An exact restatement of all the data is required, with the pictures left out.

DATA BELOW:
⁂

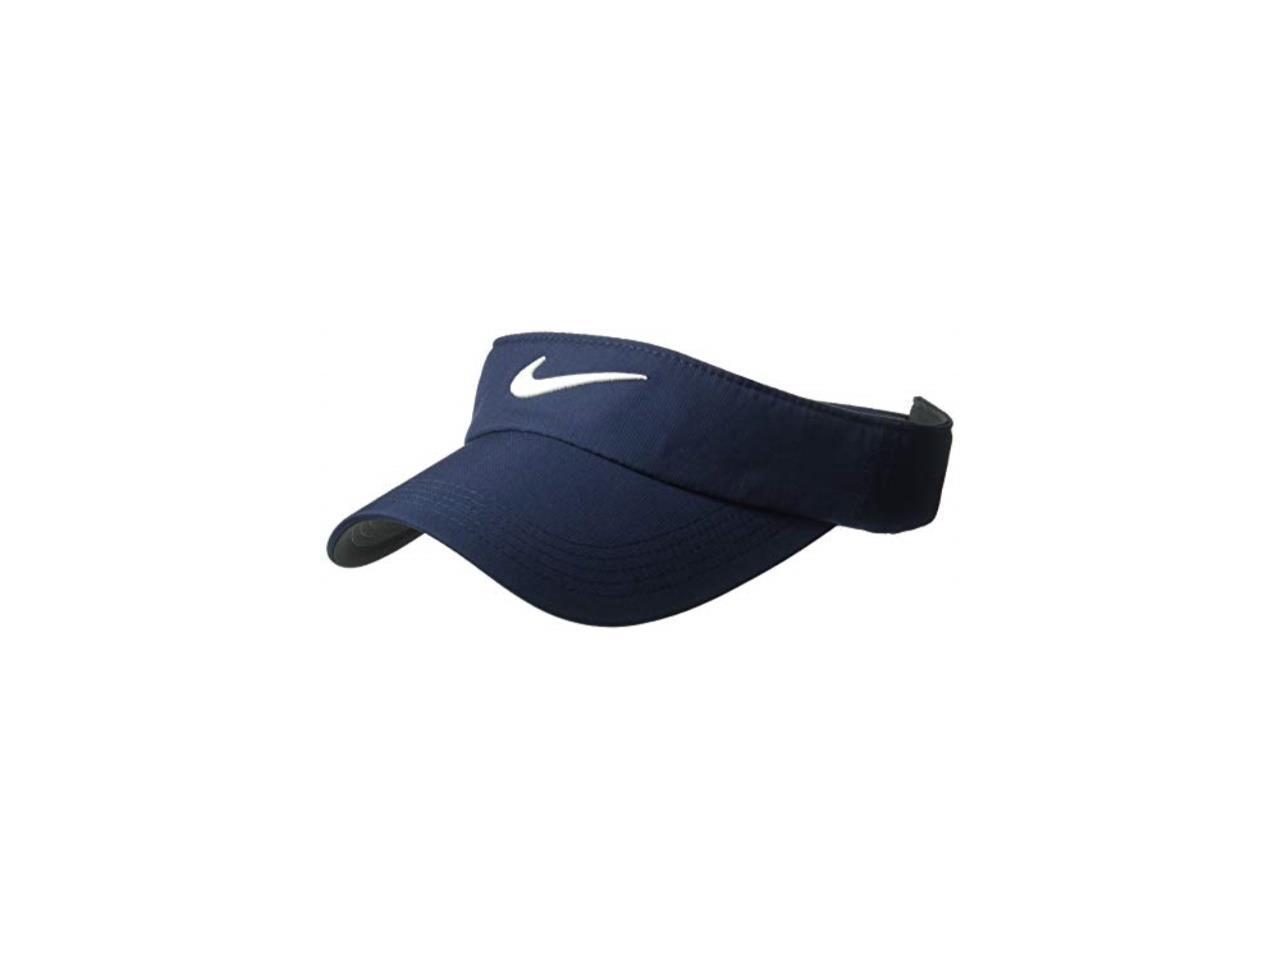 Unisex Nike Golf Visor Drifit Adjustable Sun Visor For Women And Men Obsidian Anthracite White Newegg Com
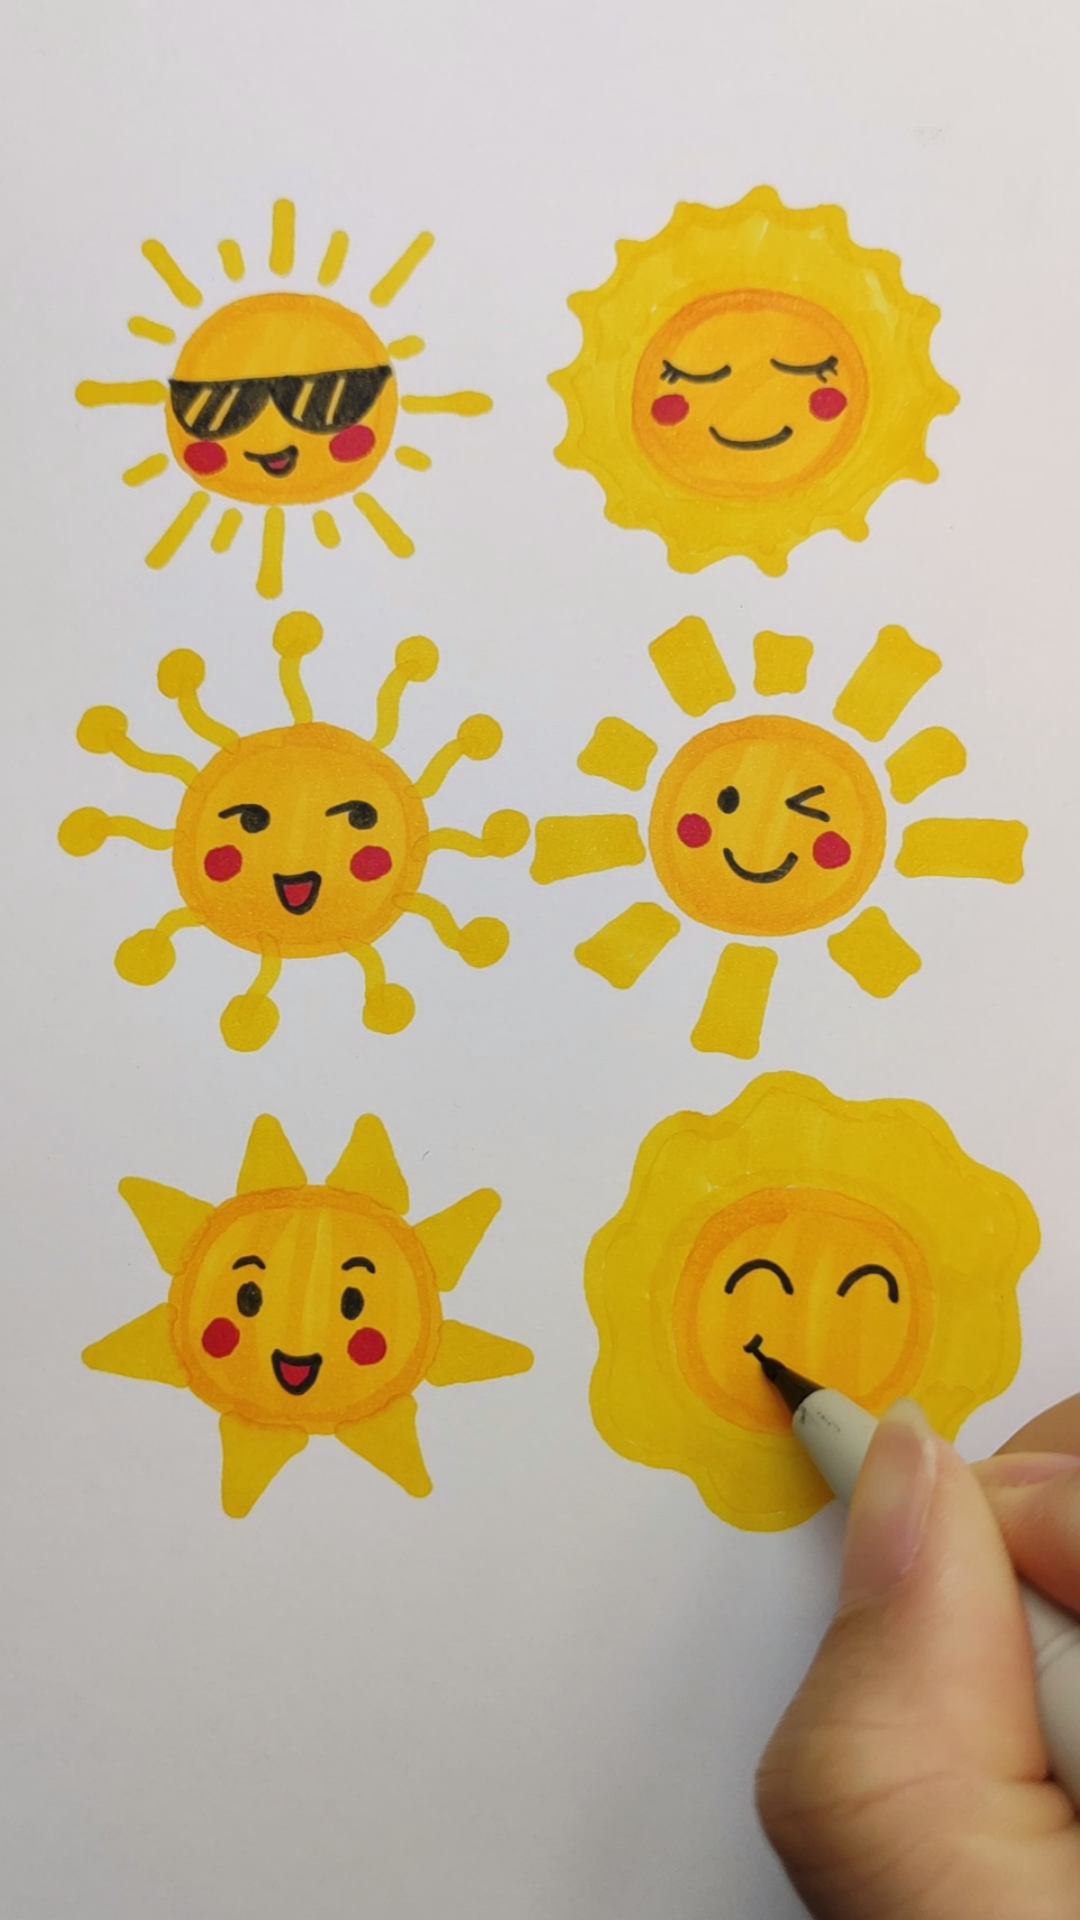 太阳的几种可爱画法,我喜欢最后一种,你喜欢哪一种?
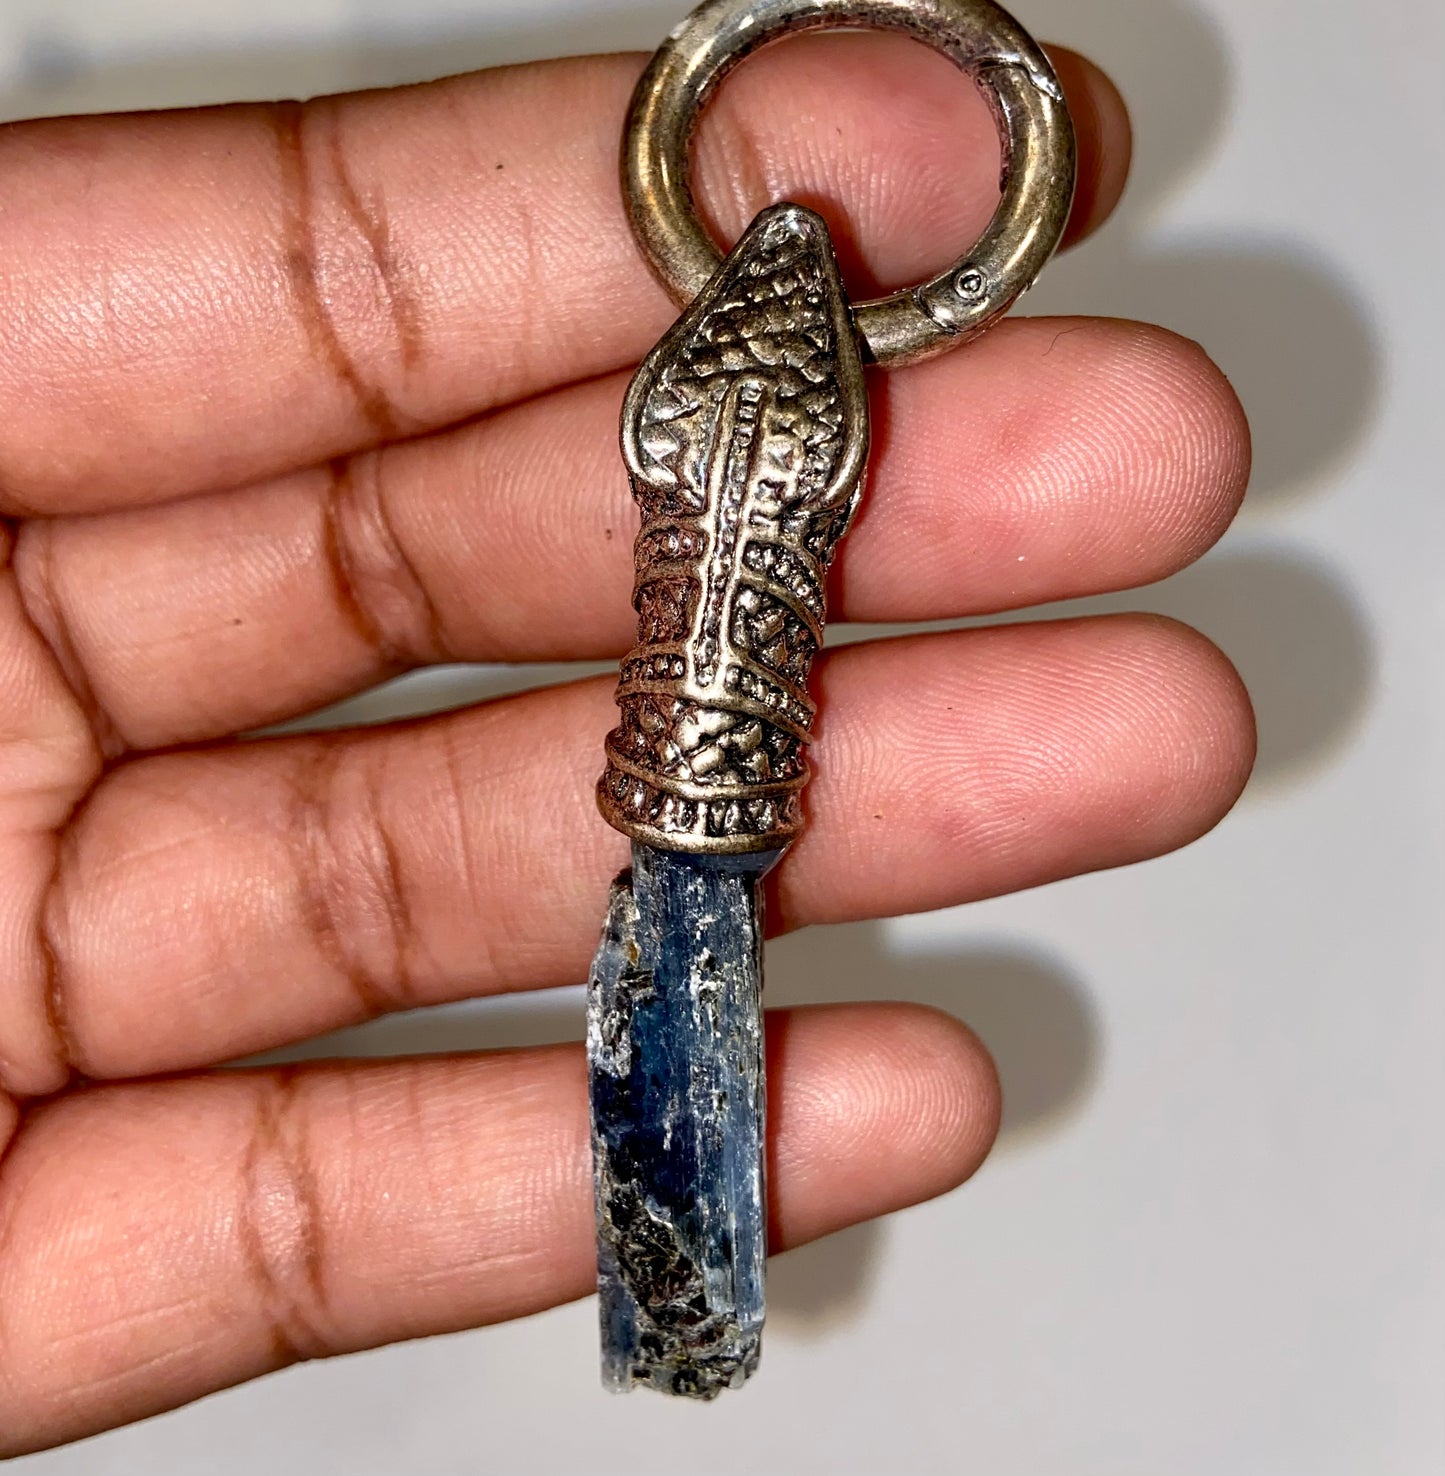 Crystal keychain

⁂

ANSWER AREA:
 Unisex Nike Golf Visor Drifit Adjustable Sun Visor For Women And Men Obsidian Anthracite White Newegg Com
 太阳的几种可爱画法,我喜欢最后一种,你喜欢哪一种?
 Crystal keychain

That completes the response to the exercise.